PrMed / README.md

Upload folder using huggingface_hub

d88abd1 verified about 1 month ago

8.06 kB

	---
	base_model: Qwen/Qwen3-32B
	library_name: peft
	pipeline_tag: text-generation
	license: apache-2.0
	language:
	- zh
	- en
	tags:
	- lora
	- transformers
	- medical
	- perturbation-robust
	- qwen3
	- chain-of-thought
	- grpo
	- reinforcement-learning
	---

	# PrMed — Perturbation-Resilient Medical Foundation Model

	Large language models (LLMs) have achieved strong performance on medical benchmarks, yet their reliability in real-world clinical settings remains insufficient. We identify a key source of this gap: a mismatch between real patient expressions — which often contain linguistic perturbations such as colloquial, vague, dialectal, and emotionally charged language — and the relatively clean and standardized corpora on which most existing LLMs are trained.
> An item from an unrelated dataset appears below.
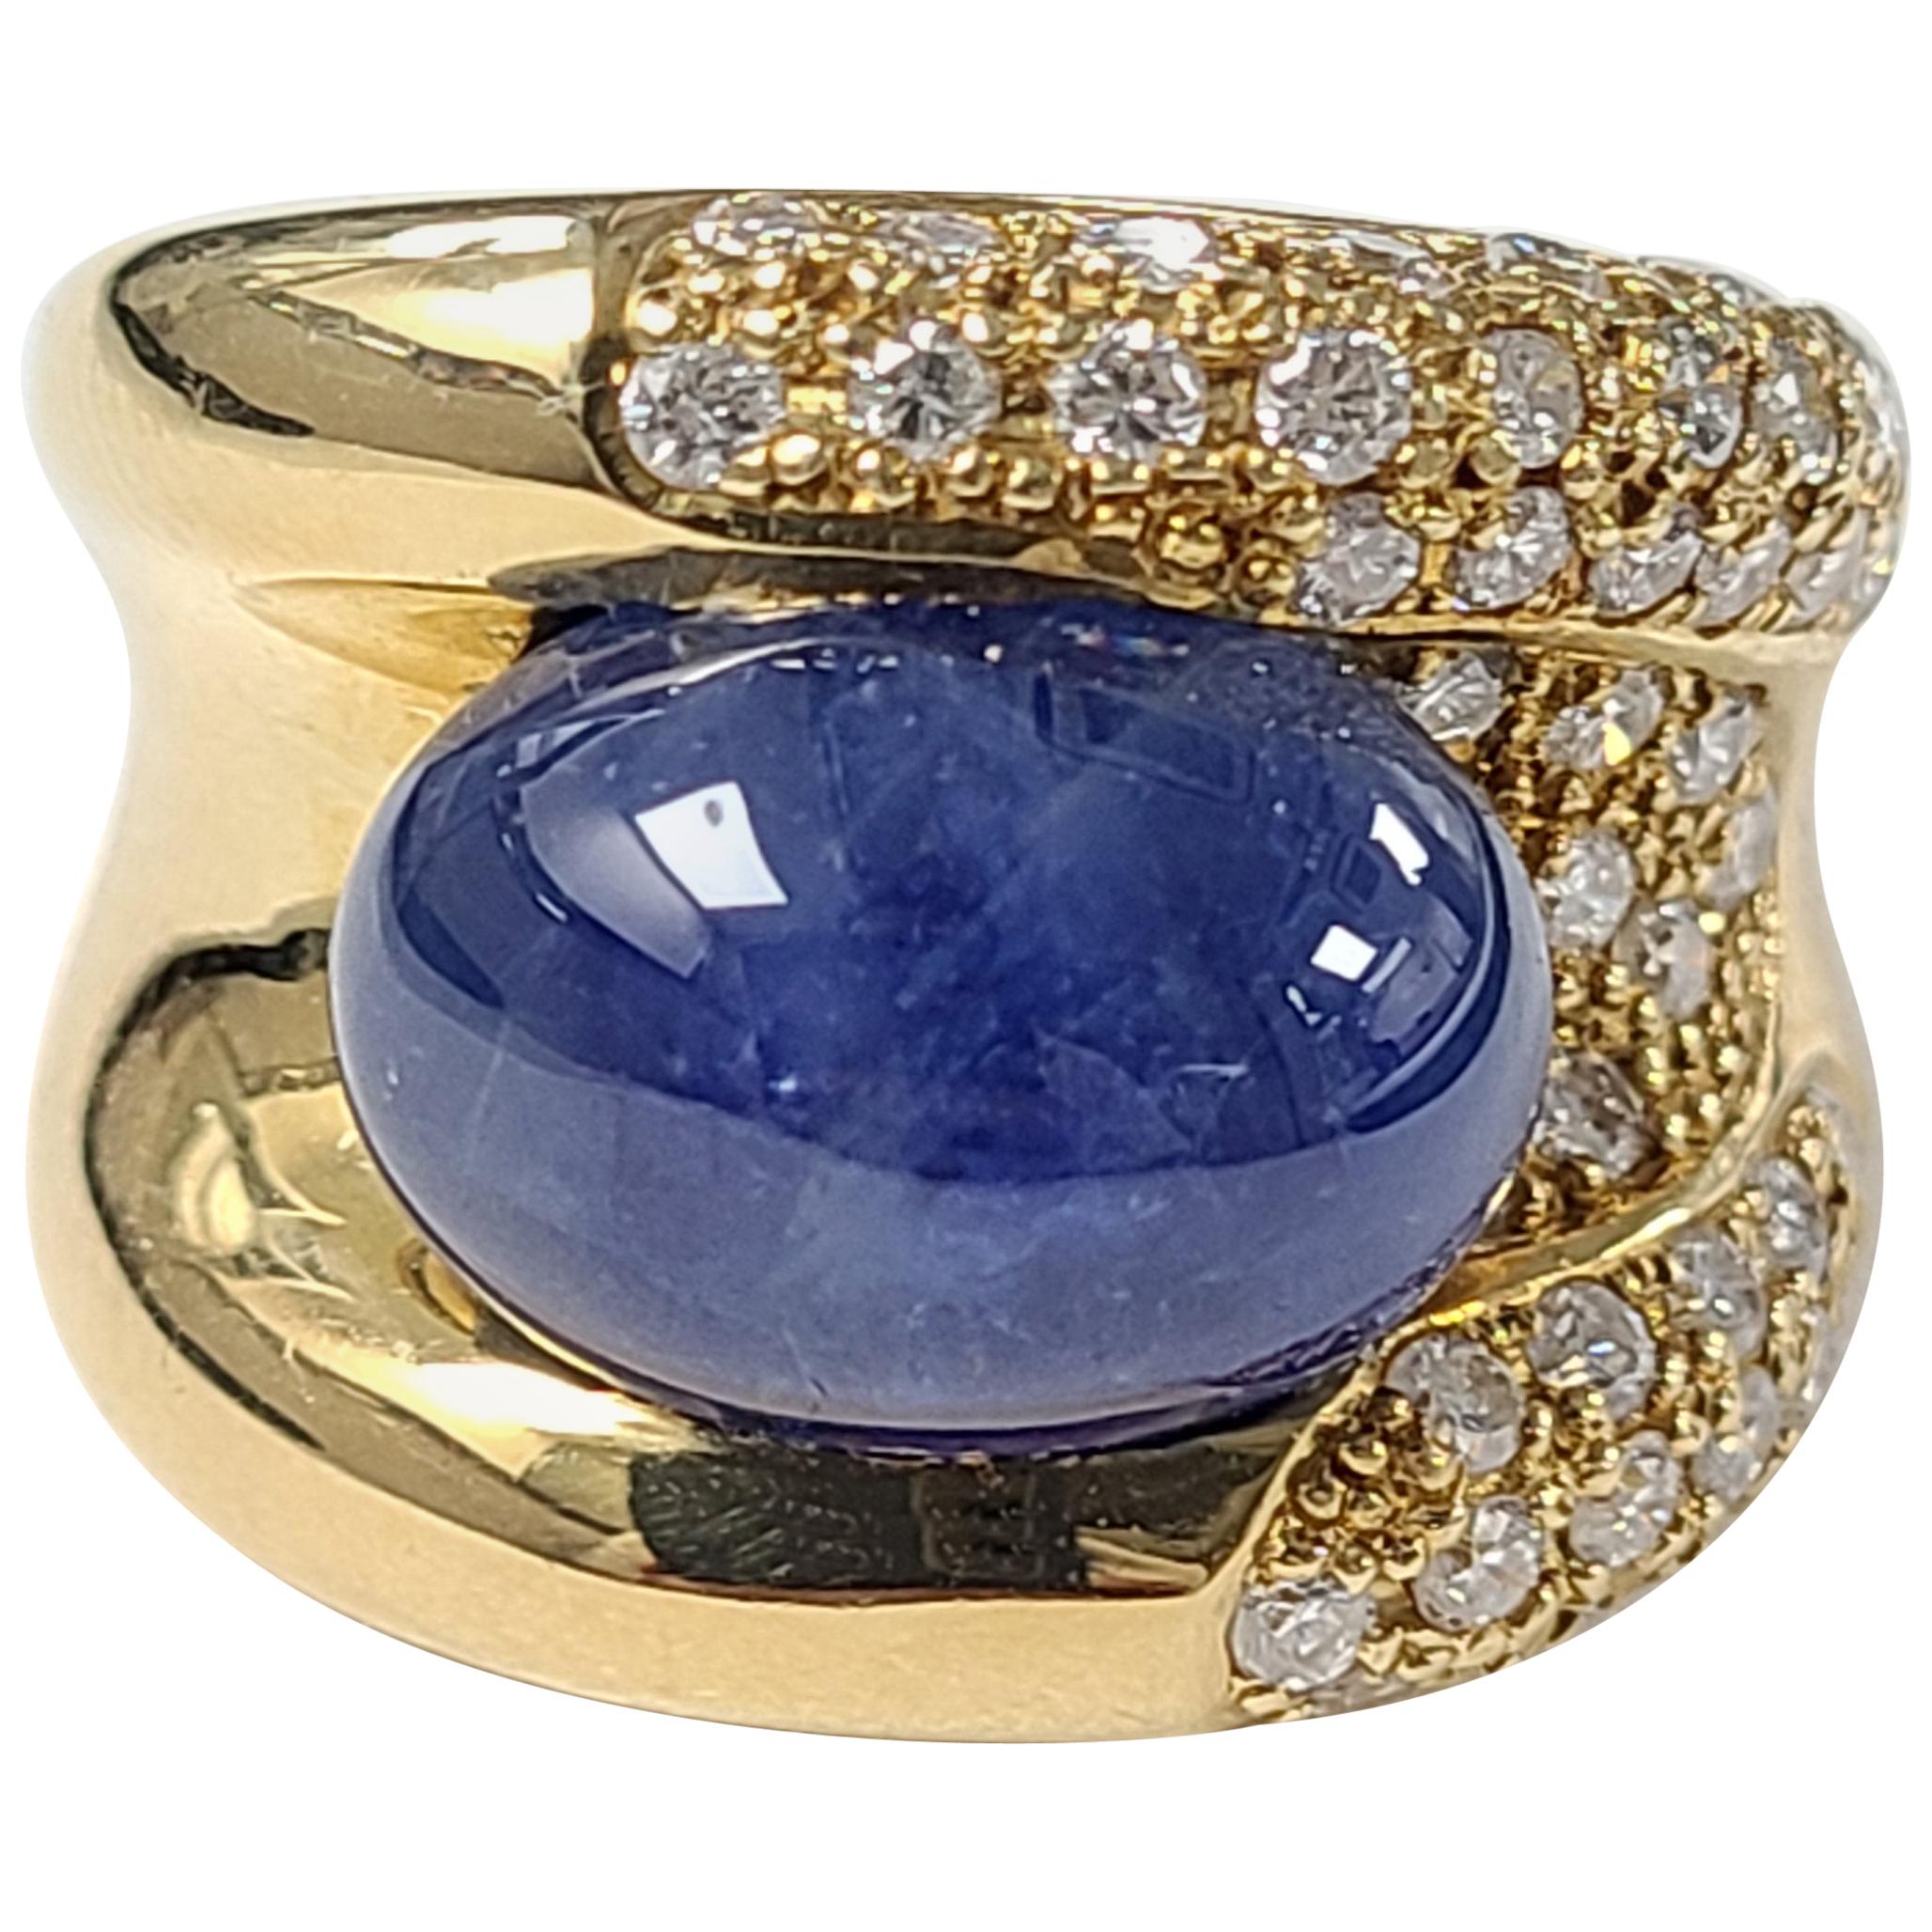 An Elegant ring set in 18k gold with blue sapphire cabochon and diamonds . the blue sapphire weight is 11.16 carats and diamond weight is 1.06 carats . The ring dimensions in cm 1.5 x 2.2 x 2.4 ( L X W X H ). US size 6

	We curated 569,913 real-world Chinese patient utterances from six clinical specialties and found that 95.1% contained at least one perturbation type, while 83.6% contained two or more, indicating that linguistic perturbations are pervasive in real medical communication. Perturbation-gradient experiments showed that, although several leading LLMs approached or even exceeded open-book physician performance under clean inputs, their performance declined sharply under mild-to-severe perturbations, whereas physicians remained substantially more stable.

	Error-pattern analysis revealed that linguistic perturbations not only impaired key-information extraction, but more importantly disrupted reasoning accuracy and induced reasoning drift, suggesting that the main limitation of current medical LLMs lies not in insufficient medical knowledge, but in fragile understanding and reasoning under non-standard patient language.

	To address this gap, we developed PrMed, a perturbation-resilient medical foundation model trained in two stages on 1.2 million multi-source medical samples, with stage 1 using perturbation-resilient chain-of-thought data for LoRA fine-tuning and stage 2 using GRPO-based reinforcement learning with a patient simulator to enhance multi-turn interactive reasoning. PrMed consistently showed stronger robustness than other LLMs, with an accuracy drop of only 2.71 percentage points from formal to heavy perturbation, while better preserving reasoning stability, safety, completeness, and actionable advice in long-form dialogues.

	## Model Training

	We developed a two-stage training framework to enable LLMs to perform perturbation-resilient complex medical reasoning through structured multi-step inference.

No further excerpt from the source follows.